*** Opening of Data for processing ***

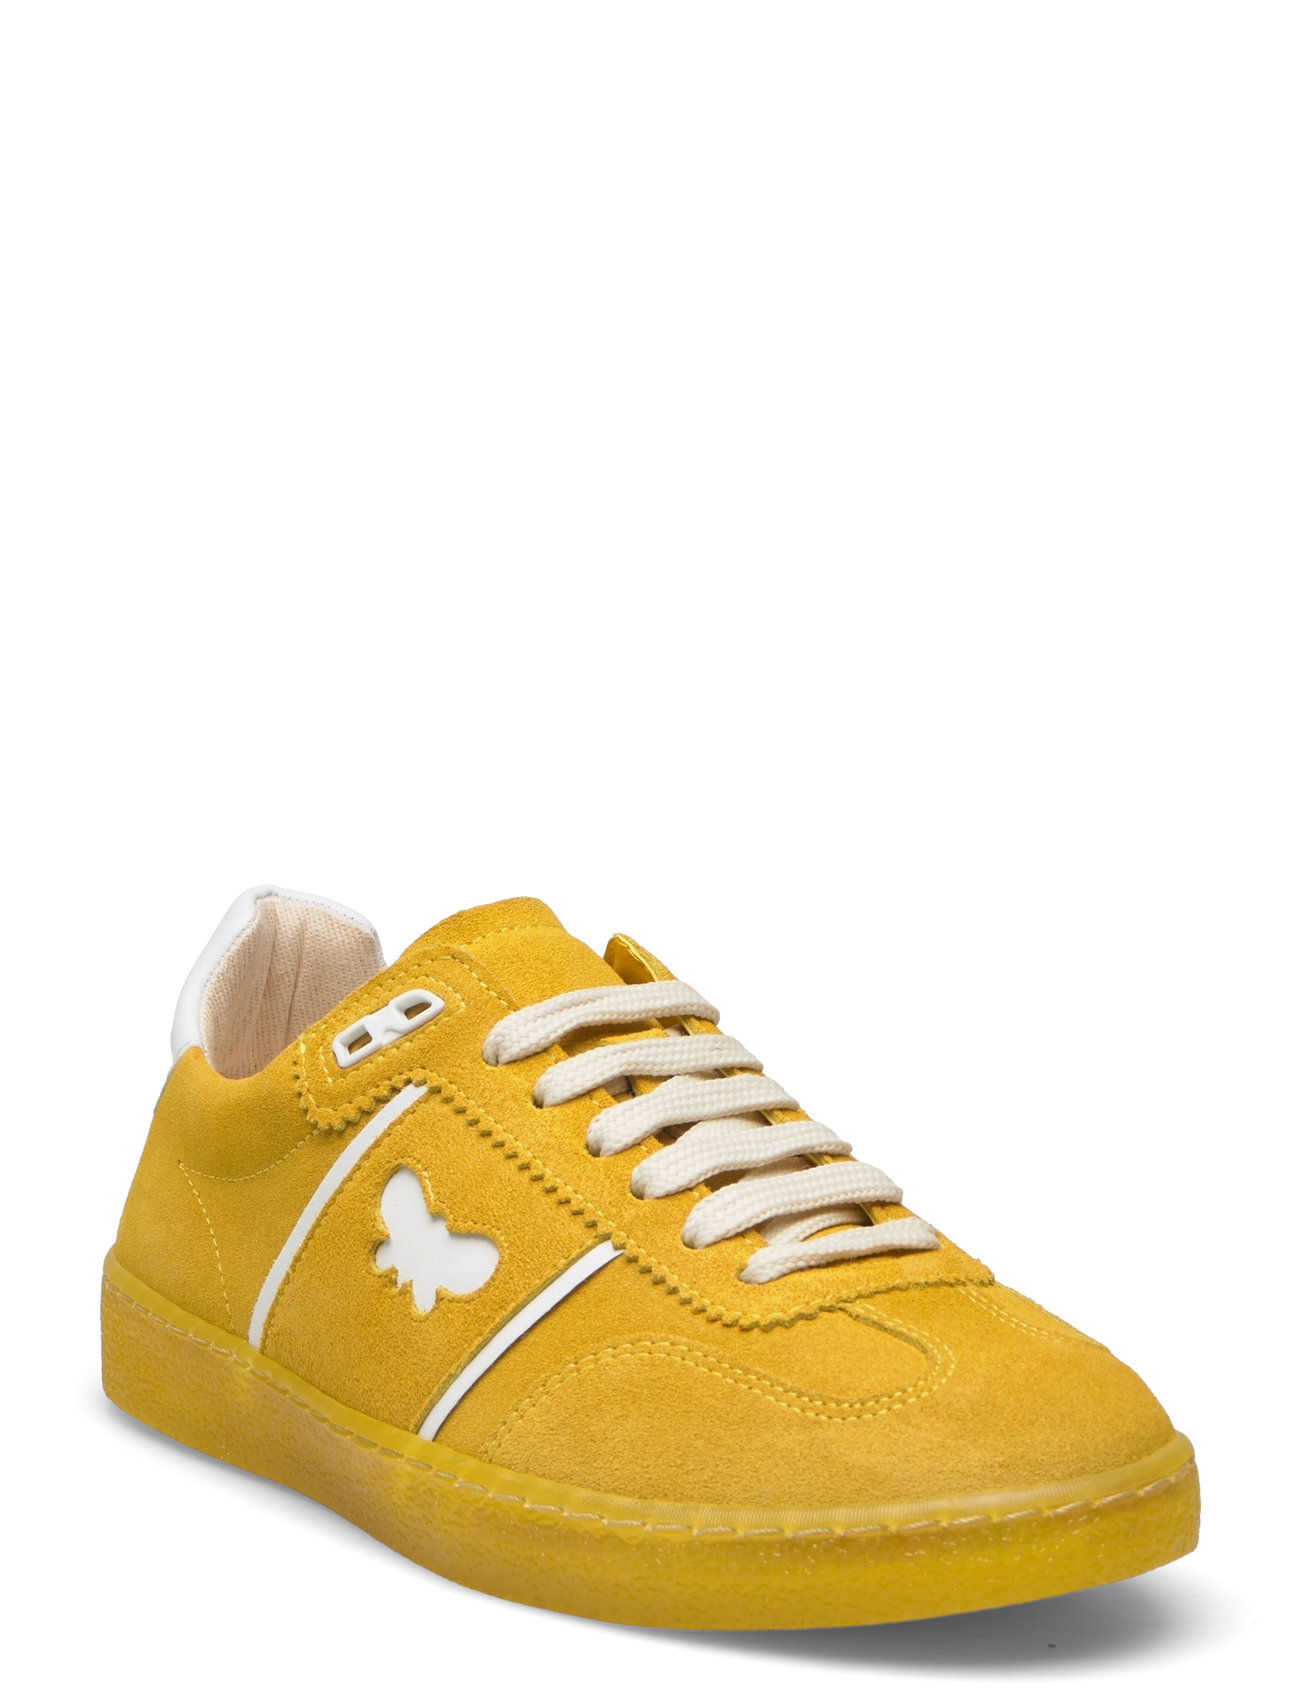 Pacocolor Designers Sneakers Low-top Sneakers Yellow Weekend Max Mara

*** Close of Data for processing ***
*** Opening of Data for processing ***

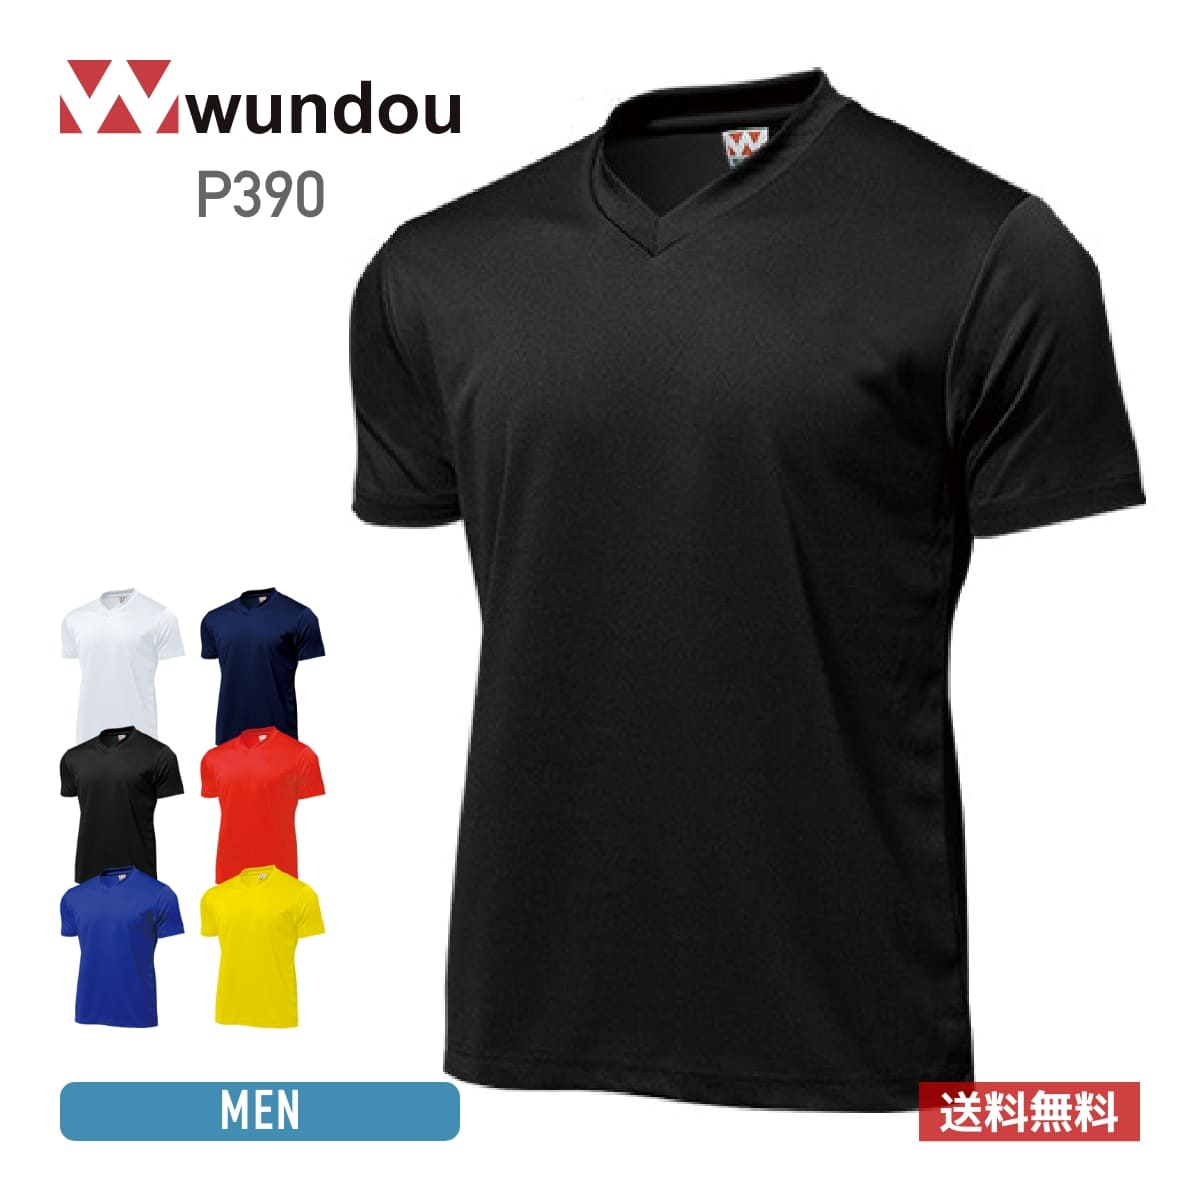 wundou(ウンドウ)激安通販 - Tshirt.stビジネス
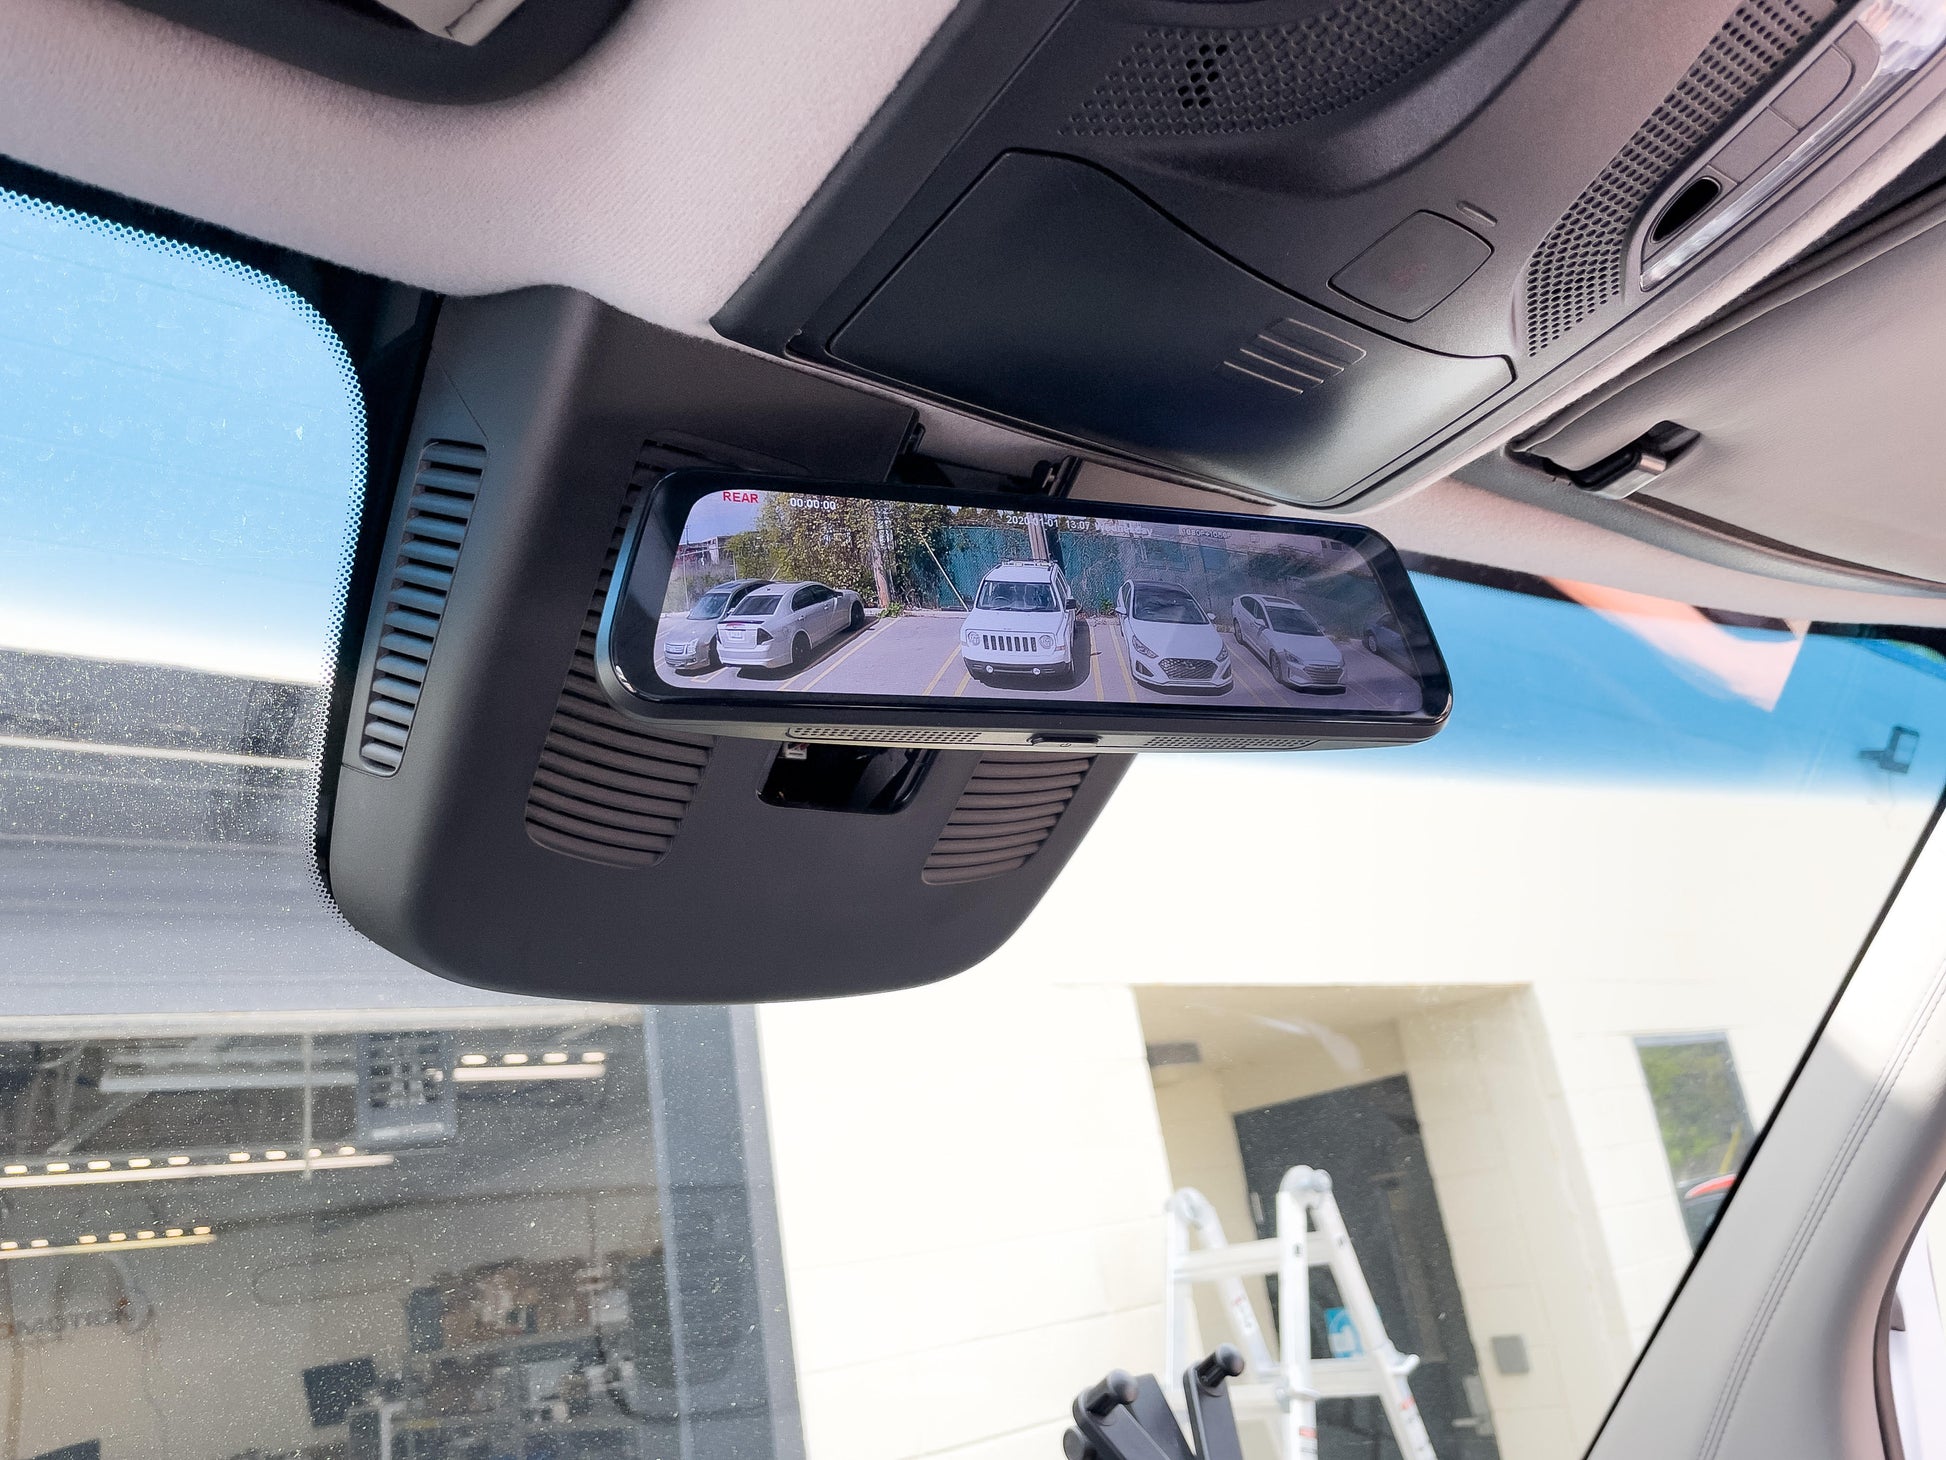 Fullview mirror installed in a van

*** Close of Data for processing ***
*** Opening of Data for processing ***

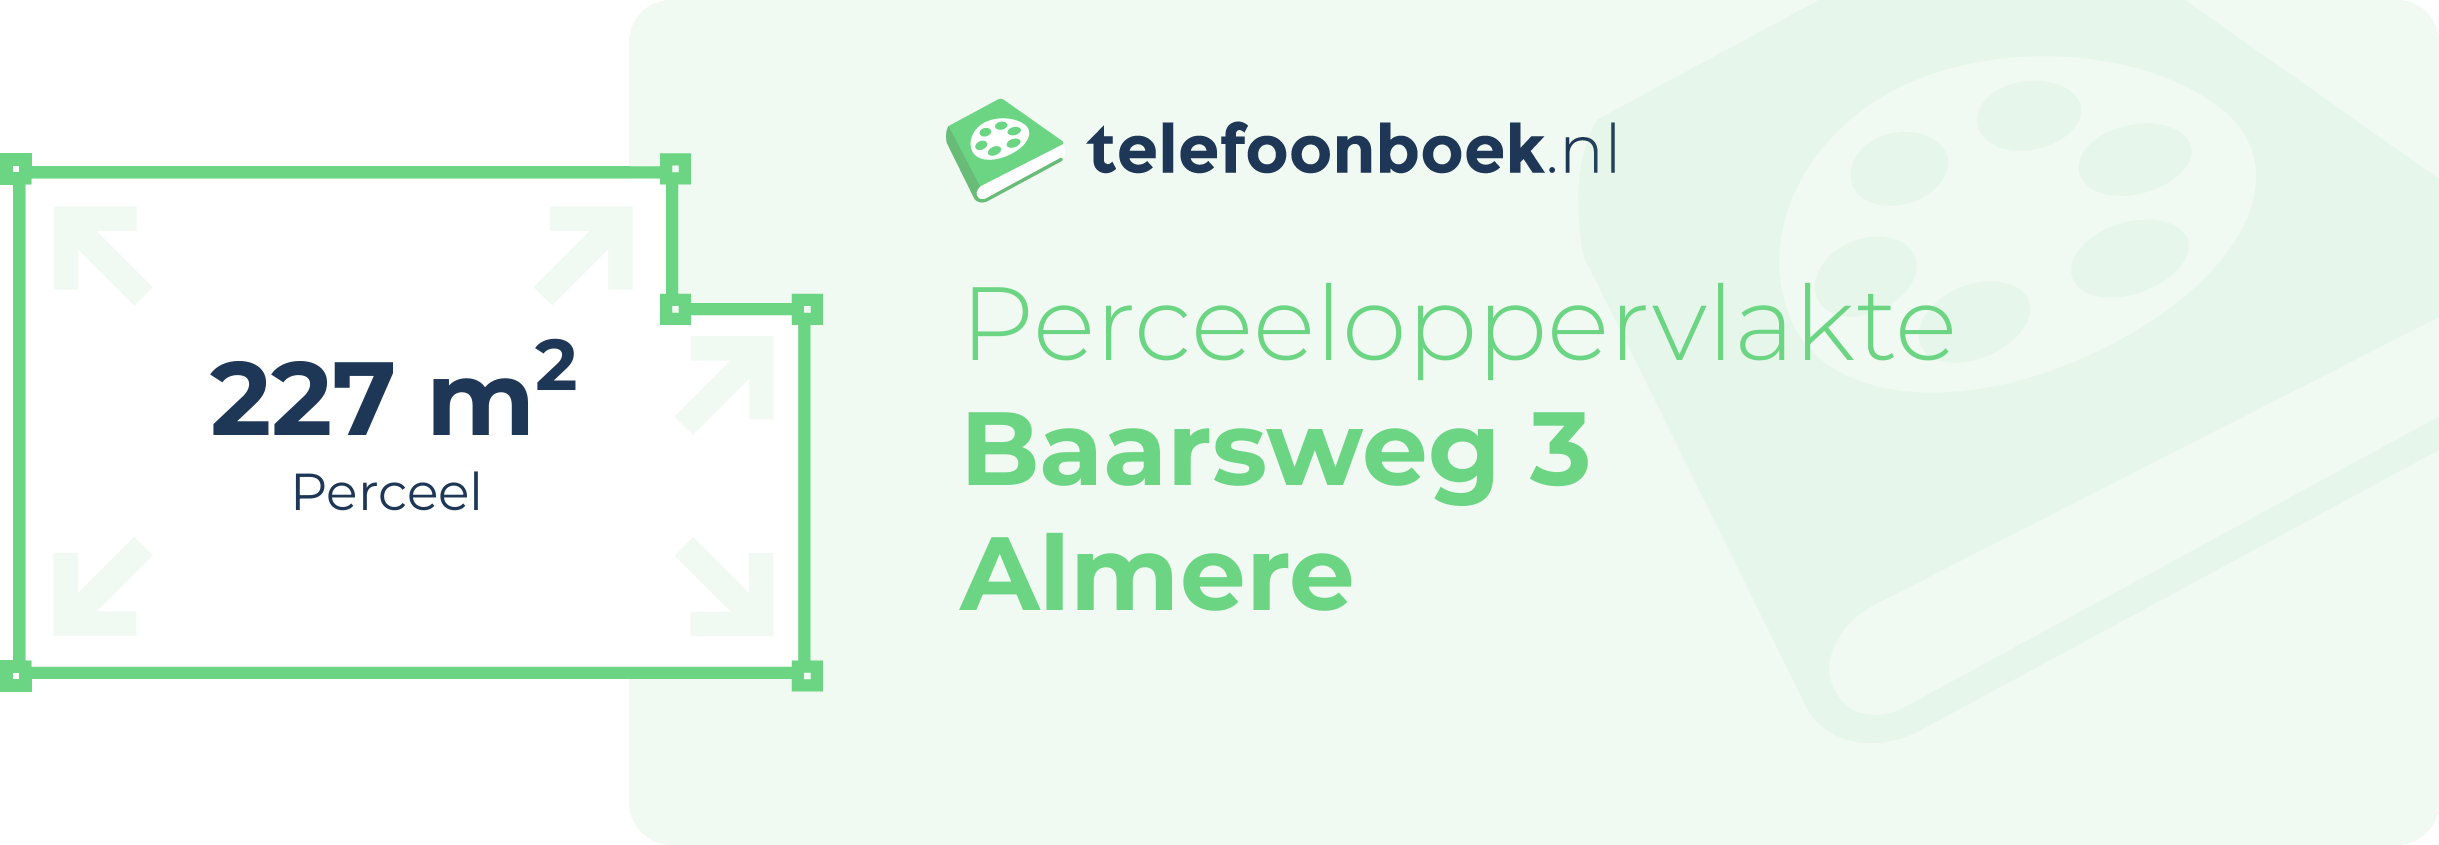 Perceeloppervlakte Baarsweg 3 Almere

*** Close of Data for processing ***

• [What you have to do] Pictures do not belong in the answer. Return the lines above starting at the one with "wundou(ウンドウ)激安通販 - Tshirt.stビジネス" and ending at the one with "Fullview mirror installed in a van", both kept, exactly.

• [Solution for this exercise]
 wundou(ウンドウ)激安通販 - Tshirt.stビジネス
 Fullview mirror installed in a van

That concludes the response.